= INSTRUCTIONS TO FOLLOW =
Omitting the pictures, print every line below exactly as it stands.

= SUPPLIED MATERIAL =
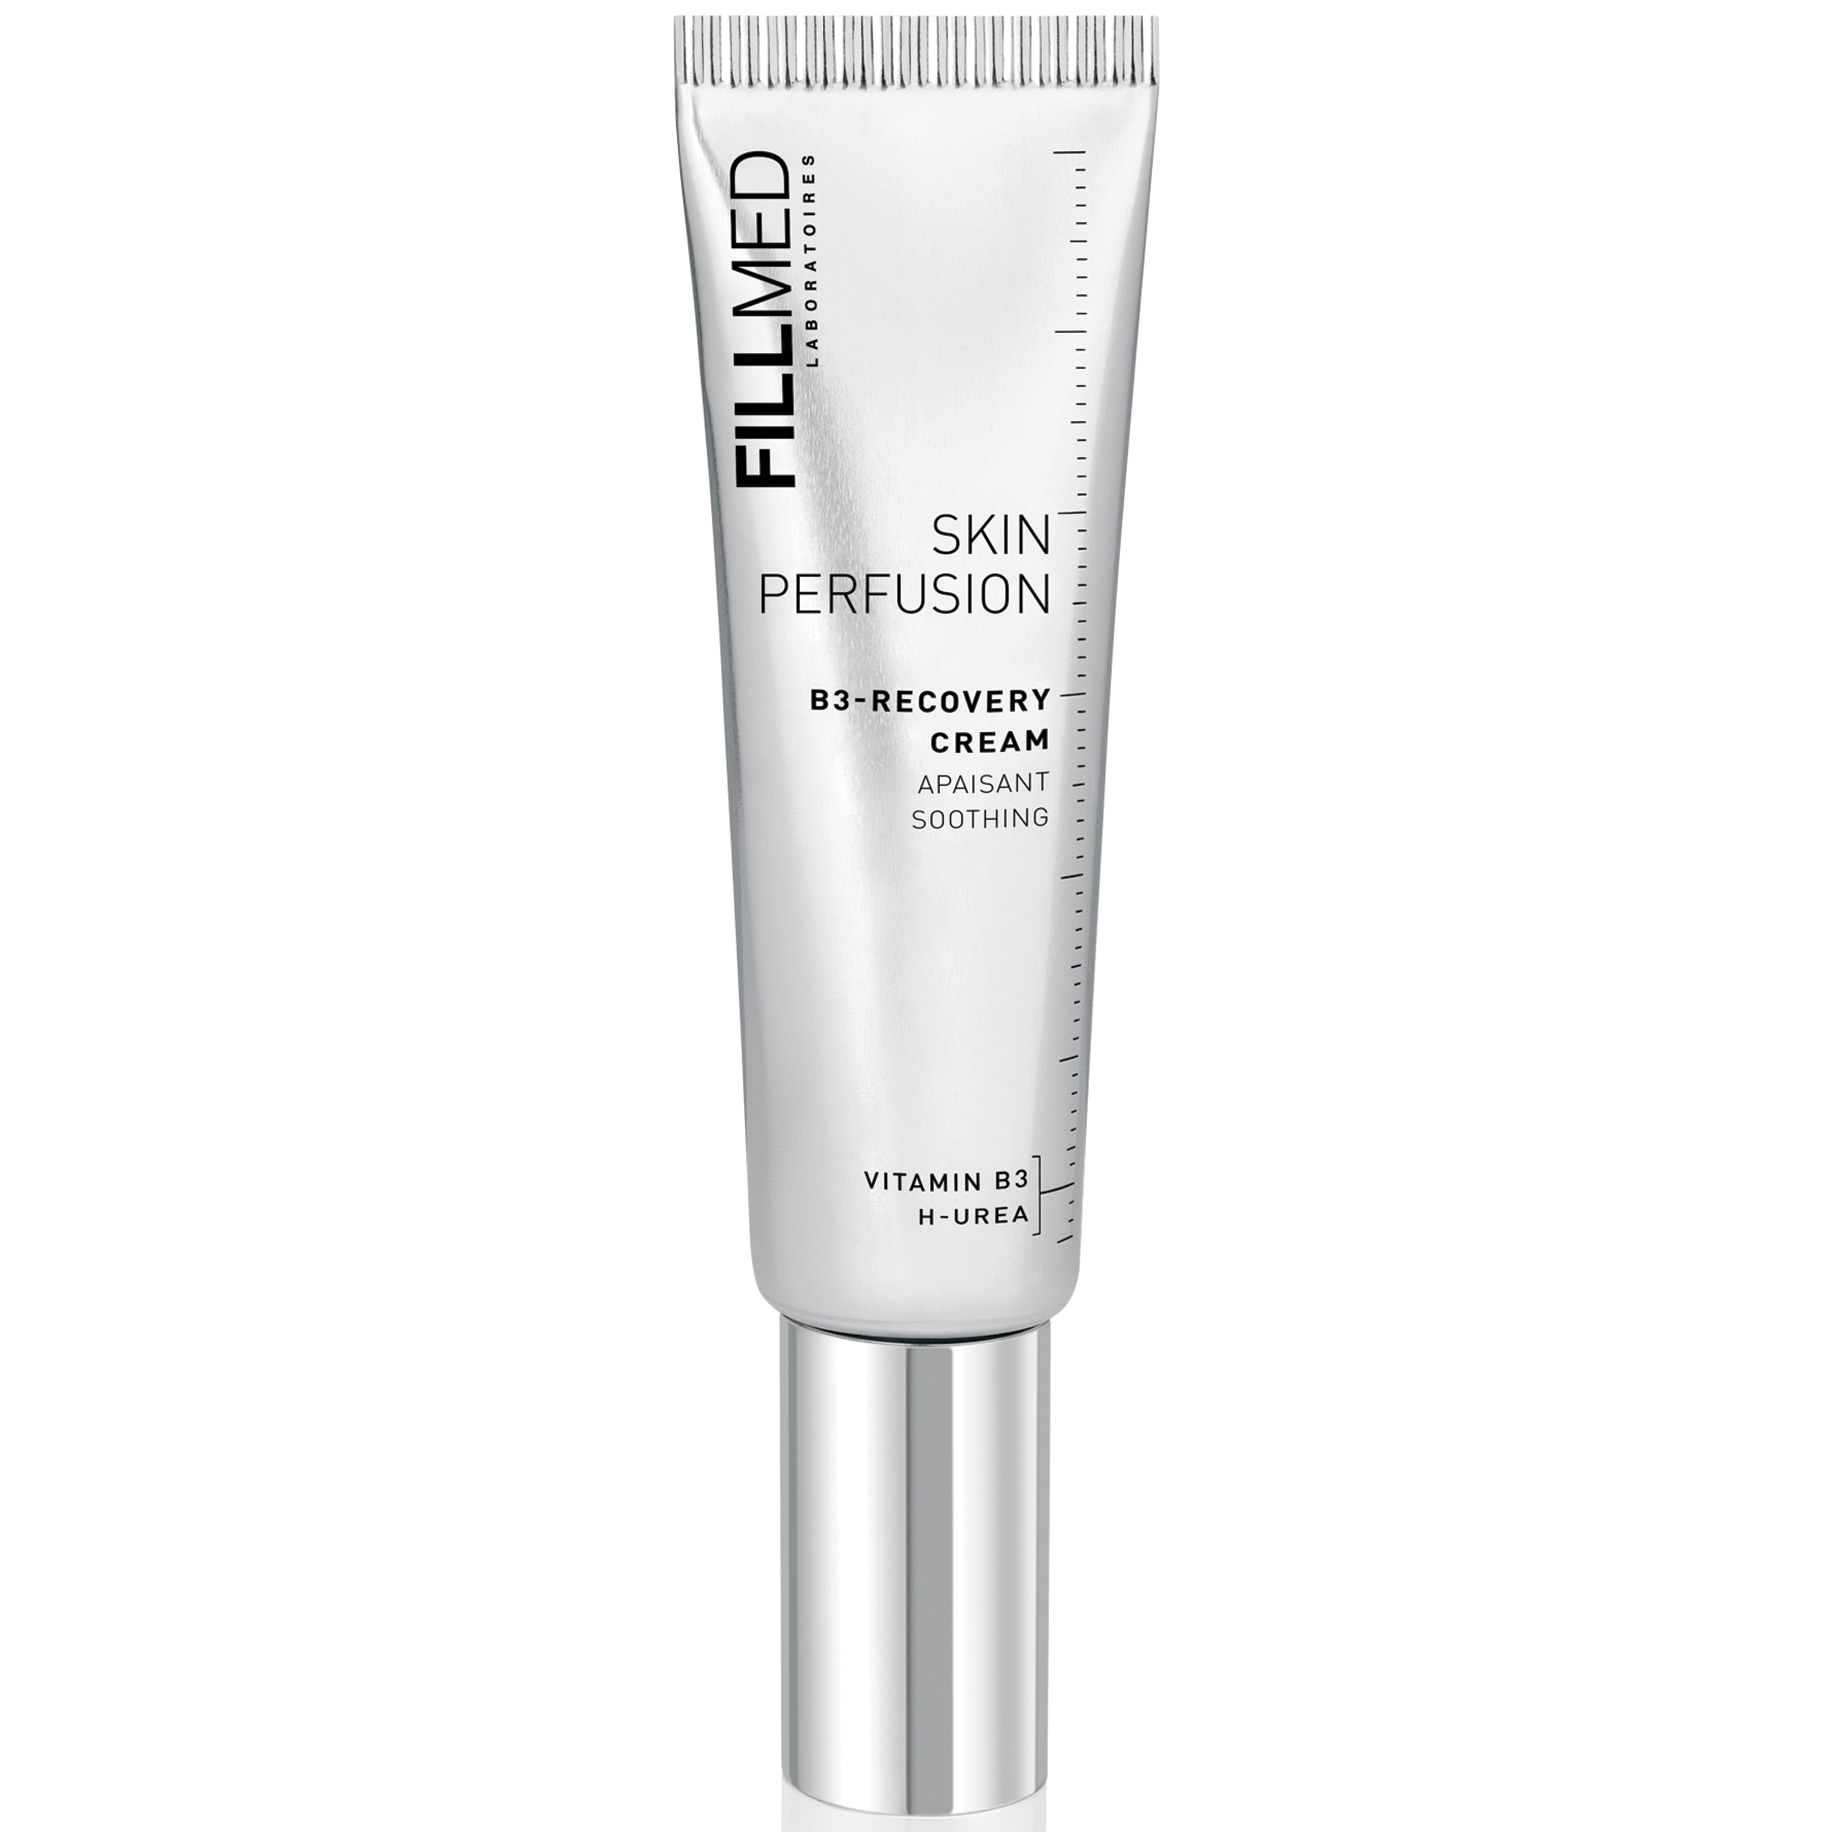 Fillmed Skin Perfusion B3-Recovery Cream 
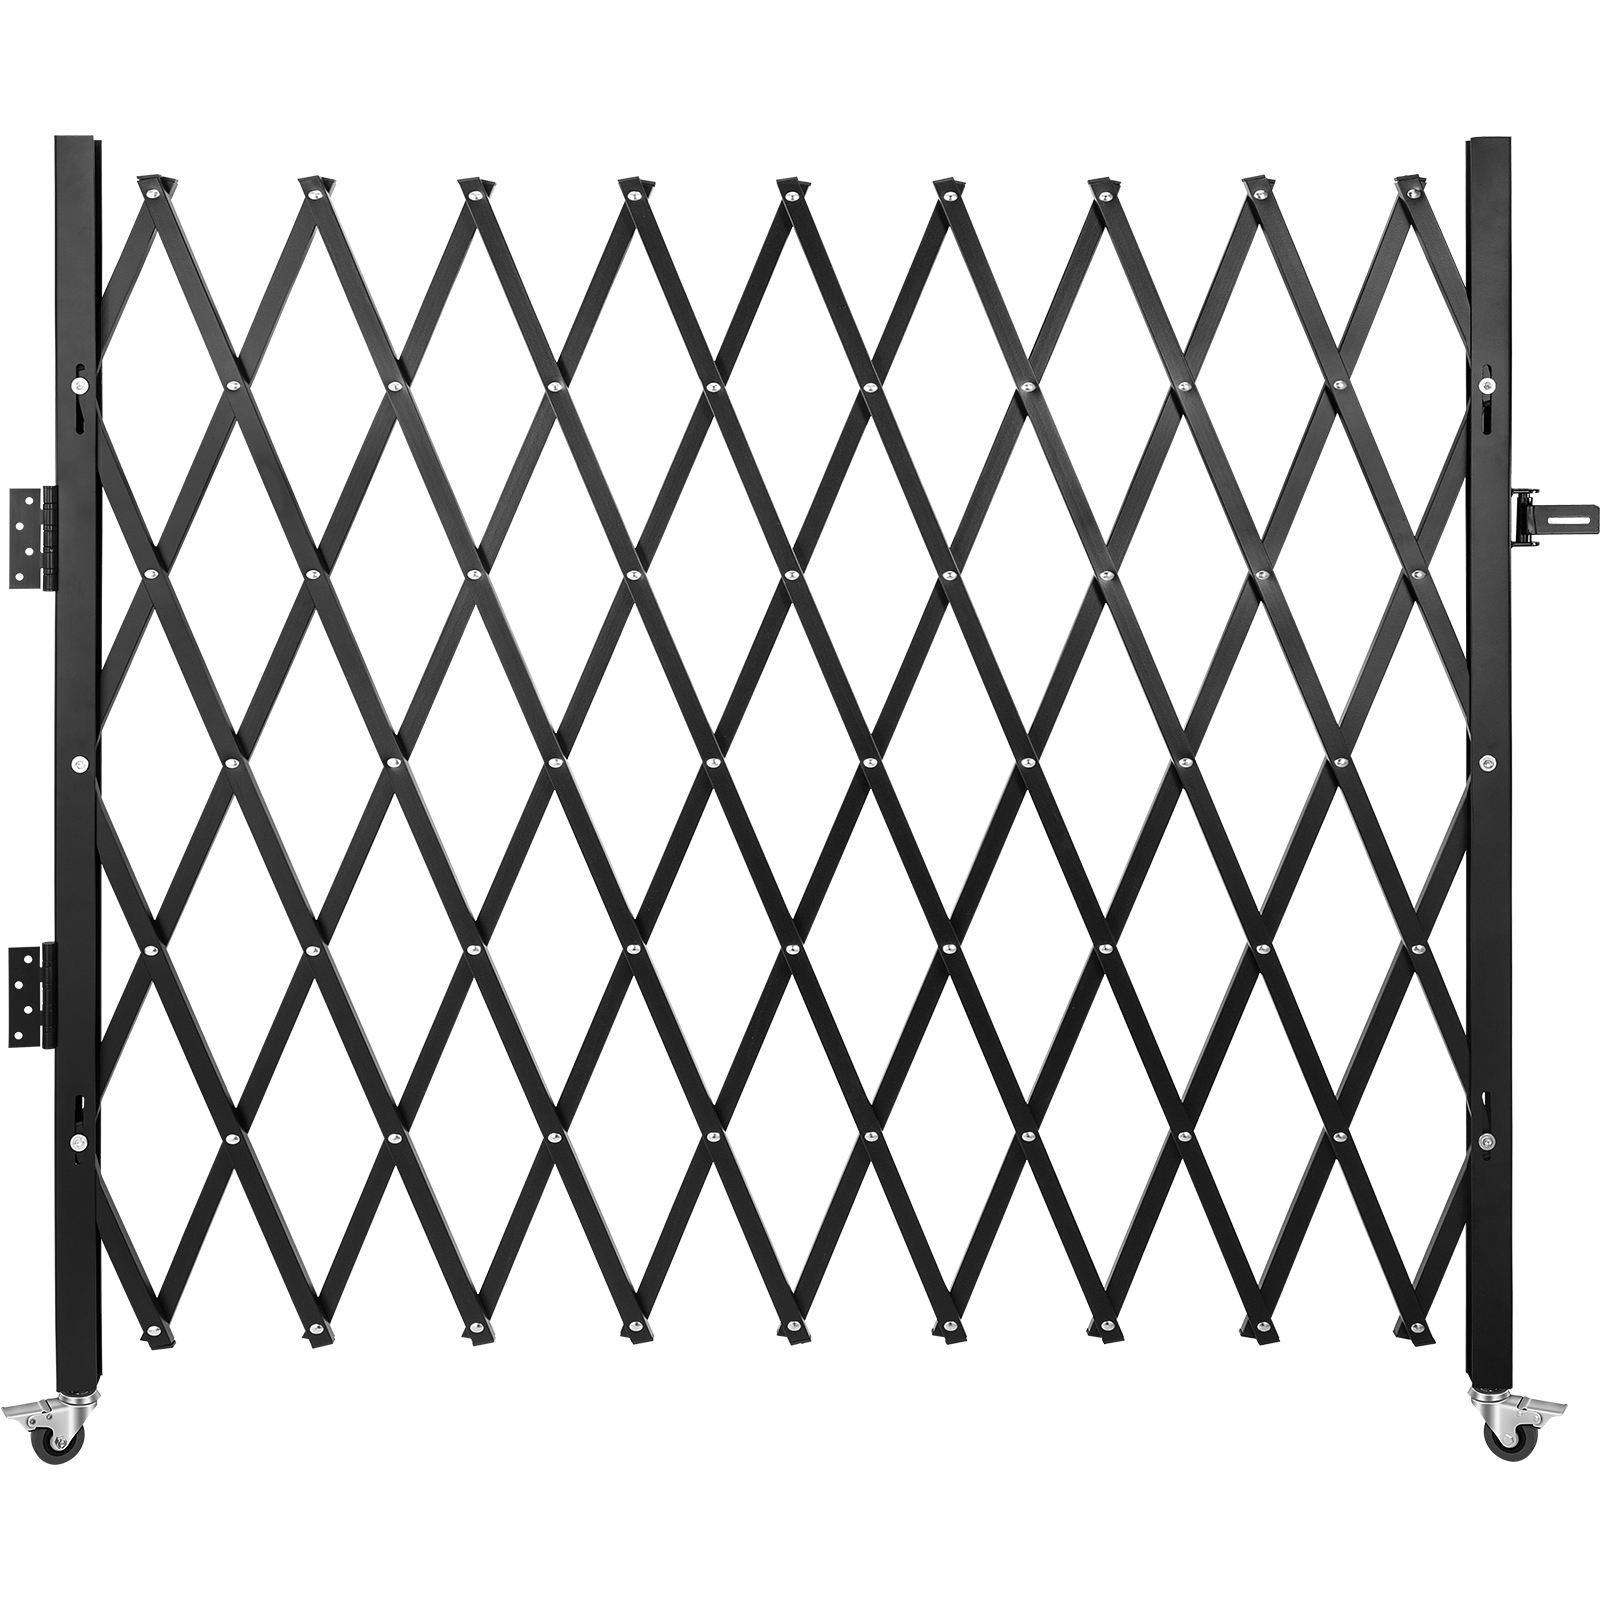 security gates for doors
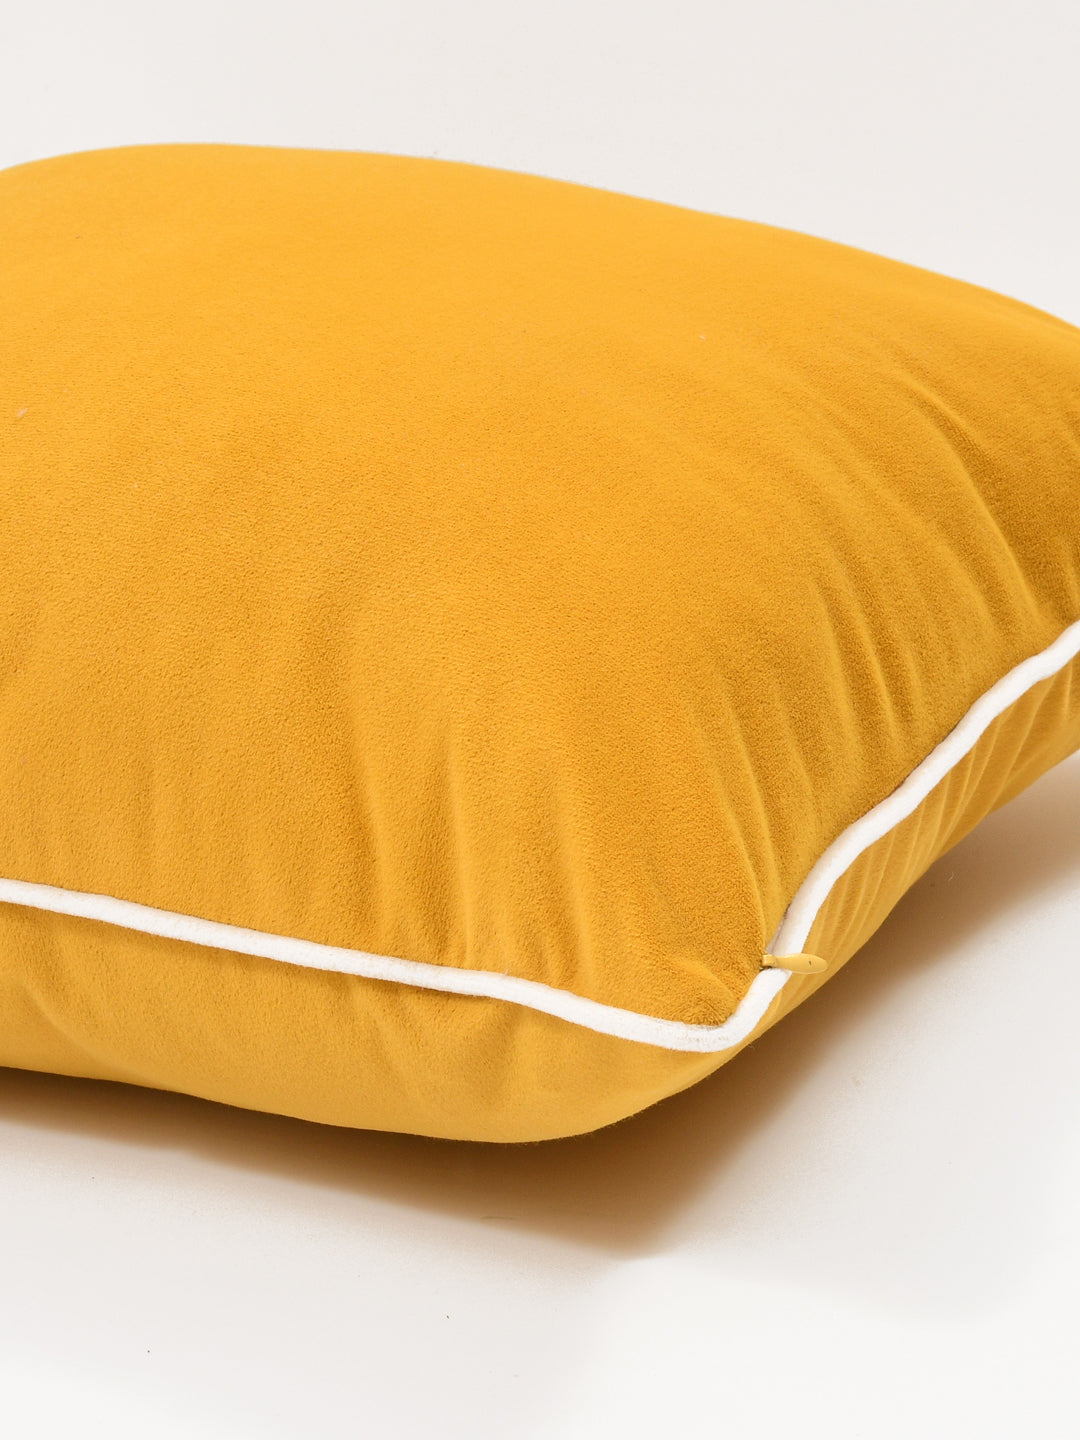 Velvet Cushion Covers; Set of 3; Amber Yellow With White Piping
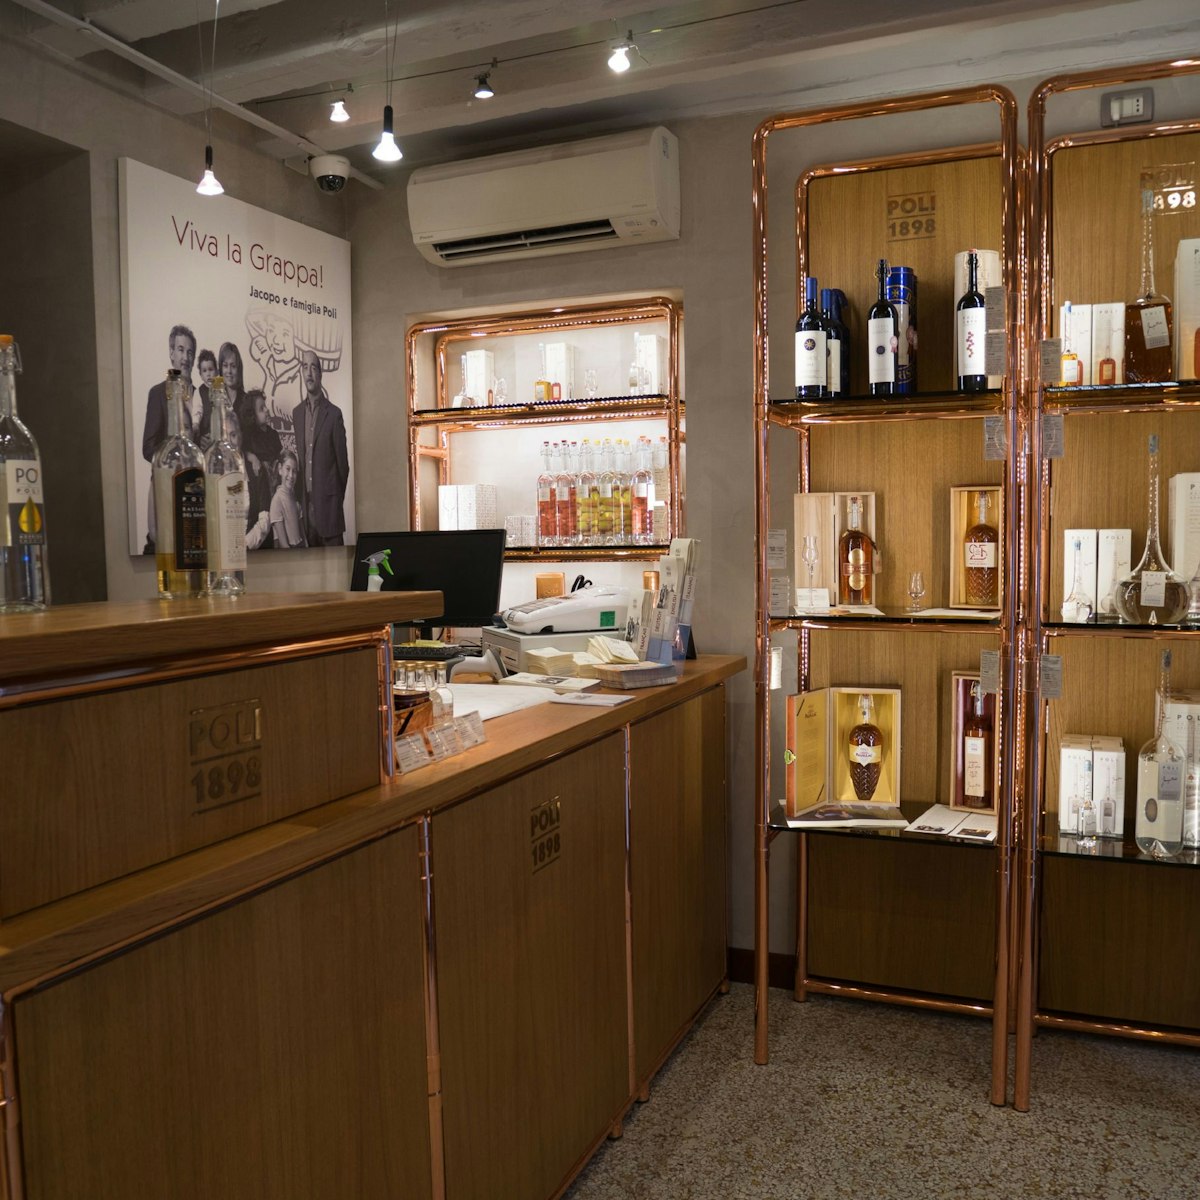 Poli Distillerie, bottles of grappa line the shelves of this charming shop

= WRITTEN SOLUTION =
 Fillmed Skin Perfusion B3-Recovery Cream 
 security gates for doors
 Velvet Cushion Covers; Set of 3; Amber Yellow With White Piping
 Poli Distillerie, bottles of grappa line the shelves of this charming shop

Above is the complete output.